Step	Hyp	Ref	Expression
1		simpr 487	. . . . . . 7 ⊢ ((𝑥 ∈ 𝐴 ∧ 𝑦 = [𝑥](𝐴 × 𝐴)) → 𝑦 = [𝑥](𝐴 × 𝐴))
2		ecxpid 30946	. . . . . . . 8 ⊢ (𝑥 ∈ 𝐴 → [𝑥](𝐴 × 𝐴) = 𝐴)
3	2	adantr 483	. . . . . . 7 ⊢ ((𝑥 ∈ 𝐴 ∧ 𝑦 = [𝑥](𝐴 × 𝐴)) → [𝑥](𝐴 × 𝐴) = 𝐴)
4	1, 3	eqtrd 2855	. . . . . 6 ⊢ ((𝑥 ∈ 𝐴 ∧ 𝑦 = [𝑥](𝐴 × 𝐴)) → 𝑦 = 𝐴)
5	4	rexlimiva 3280	. . . . 5 ⊢ (∃𝑥 ∈ 𝐴 𝑦 = [𝑥](𝐴 × 𝐴) → 𝑦 = 𝐴)
6	5	adantl 484	. . . 4 ⊢ ((𝐴 ≠ ∅ ∧ ∃𝑥 ∈ 𝐴 𝑦 = [𝑥](𝐴 × 𝐴)) → 𝑦 = 𝐴)
7		n0 4303	. . . . . . 7 ⊢ (𝐴 ≠ ∅ ↔ ∃𝑥 𝑥 ∈ 𝐴)
8	7	biimpi 218	. . . . . 6 ⊢ (𝐴 ≠ ∅ → ∃𝑥 𝑥 ∈ 𝐴)
9		simpl 485	. . . . . . . . . 10 ⊢ ((𝑦 = 𝐴 ∧ 𝑥 ∈ 𝐴) → 𝑦 = 𝐴)
10	2	adantl 484	. . . . . . . . . 10 ⊢ ((𝑦 = 𝐴 ∧ 𝑥 ∈ 𝐴) → [𝑥](𝐴 × 𝐴) = 𝐴)
11	9, 10	eqtr4d 2858	. . . . . . . . 9 ⊢ ((𝑦 = 𝐴 ∧ 𝑥 ∈ 𝐴) → 𝑦 = [𝑥](𝐴 × 𝐴))
12	11	ex 415	. . . . . . . 8 ⊢ (𝑦 = 𝐴 → (𝑥 ∈ 𝐴 → 𝑦 = [𝑥](𝐴 × 𝐴)))

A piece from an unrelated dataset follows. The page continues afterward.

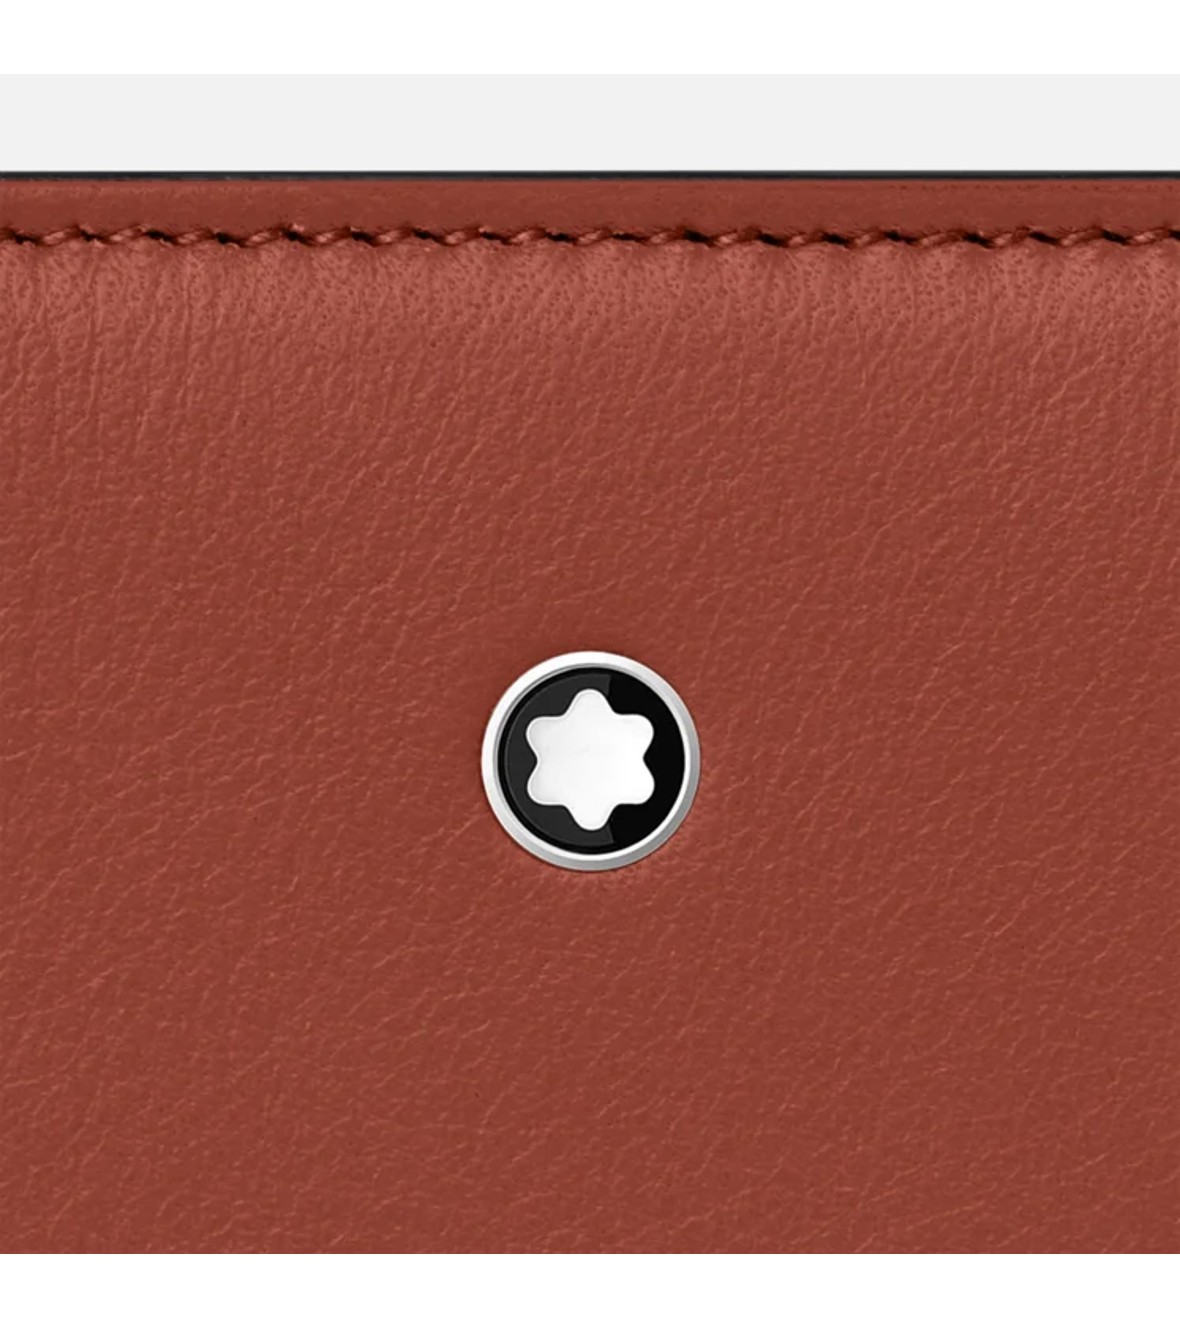 Meisterstück Selection Soft wallet 12cc zip around

13	12	ancld 553	. . . . . . 7 ⊢ (𝑦 = 𝐴 → (𝑥 ∈ 𝐴 → (𝑥 ∈ 𝐴 ∧ 𝑦 = [𝑥](𝐴 × 𝐴))))
14	13	eximdv 1917	. . . . . 6 ⊢ (𝑦 = 𝐴 → (∃𝑥 𝑥 ∈ 𝐴 → ∃𝑥(𝑥 ∈ 𝐴 ∧ 𝑦 = [𝑥](𝐴 × 𝐴))))
15	8, 14	mpan9 509	. . . . 5 ⊢ ((𝐴 ≠ ∅ ∧ 𝑦 = 𝐴) → ∃𝑥(𝑥 ∈ 𝐴 ∧ 𝑦 = [𝑥](𝐴 × 𝐴)))

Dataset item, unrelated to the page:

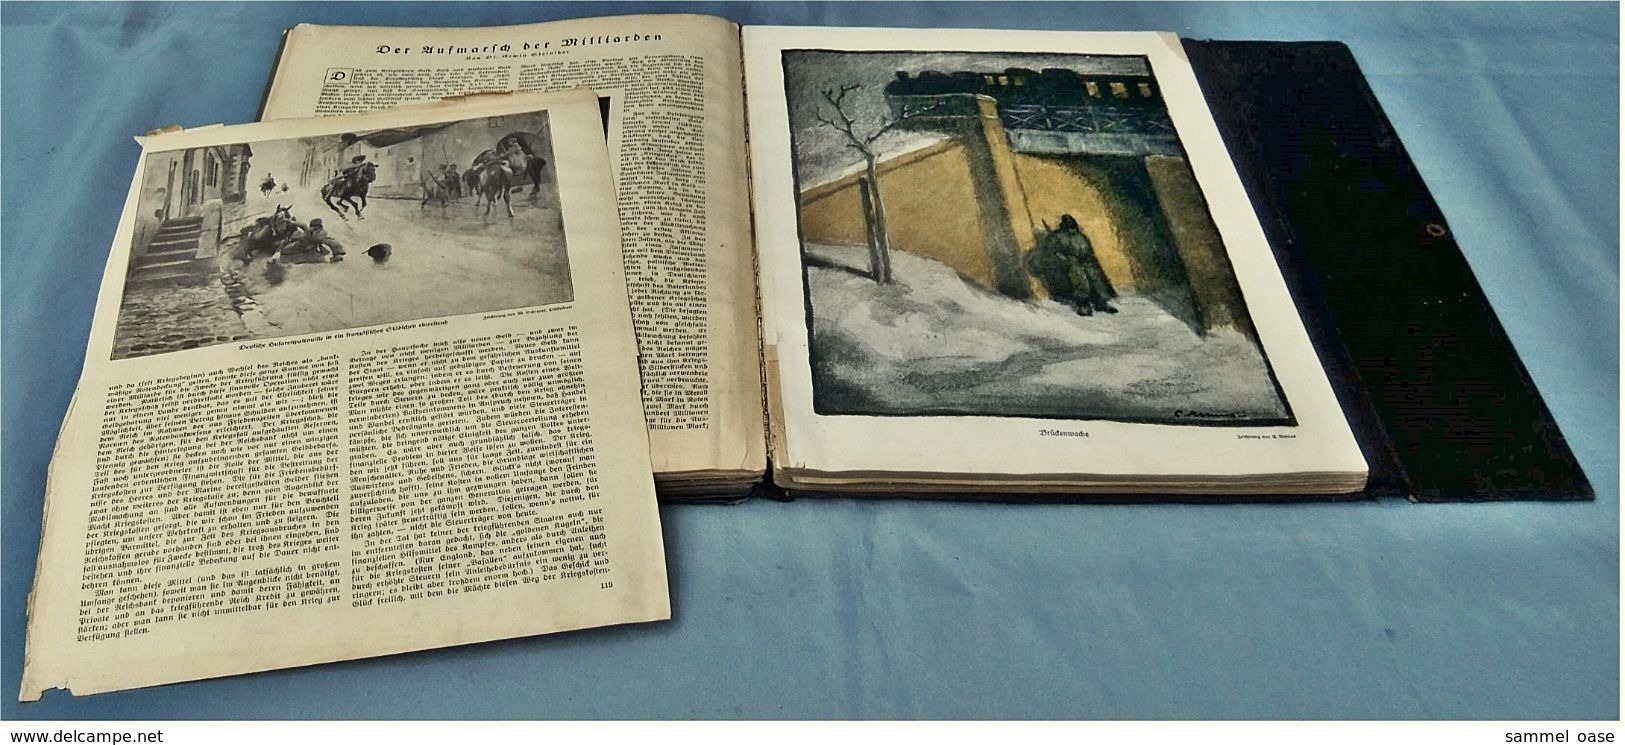 1915 Illustrierte Kriegsgeschichte Band 1 - Zahlreiche Bilder, Karten u. Kunstbeilagen - Mit Sammelordner-Teilen

16		df-rex 3143	. . . . 5 ⊢ (∃𝑥 ∈ 𝐴 𝑦 = [𝑥](𝐴 × 𝐴) ↔ ∃𝑥(𝑥 ∈ 𝐴 ∧ 𝑦 = [𝑥](𝐴 × 𝐴)))
17	15, 16	sylibr 236	. . . 4 ⊢ ((𝐴 ≠ ∅ ∧ 𝑦 = 𝐴) → ∃𝑥 ∈ 𝐴 𝑦 = [𝑥](𝐴 × 𝐴))

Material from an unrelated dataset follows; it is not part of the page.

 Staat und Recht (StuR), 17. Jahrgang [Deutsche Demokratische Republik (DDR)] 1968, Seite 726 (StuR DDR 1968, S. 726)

18	6, 17	impbida 799	. . 3 ⊢ (𝐴 ≠ ∅ → (∃𝑥 ∈ 𝐴 𝑦 = [𝑥](𝐴 × 𝐴) ↔ 𝑦 = 𝐴))
19		vex 3494	. . . 4 ⊢ 𝑦 ∈ V
20	19	elqs 8342	. . 3 ⊢ (𝑦 ∈ (𝐴 / (𝐴 × 𝐴)) ↔ ∃𝑥 ∈ 𝐴 𝑦 = [𝑥](𝐴 × 𝐴))
21		velsn 4576	. . 3 ⊢ (𝑦 ∈ {𝐴} ↔ 𝑦 = 𝐴)
22	18, 20, 21	3bitr4g 316	. 2 ⊢ (𝐴 ≠ ∅ → (𝑦 ∈ (𝐴 / (𝐴 × 𝐴)) ↔ 𝑦 ∈ {𝐴}))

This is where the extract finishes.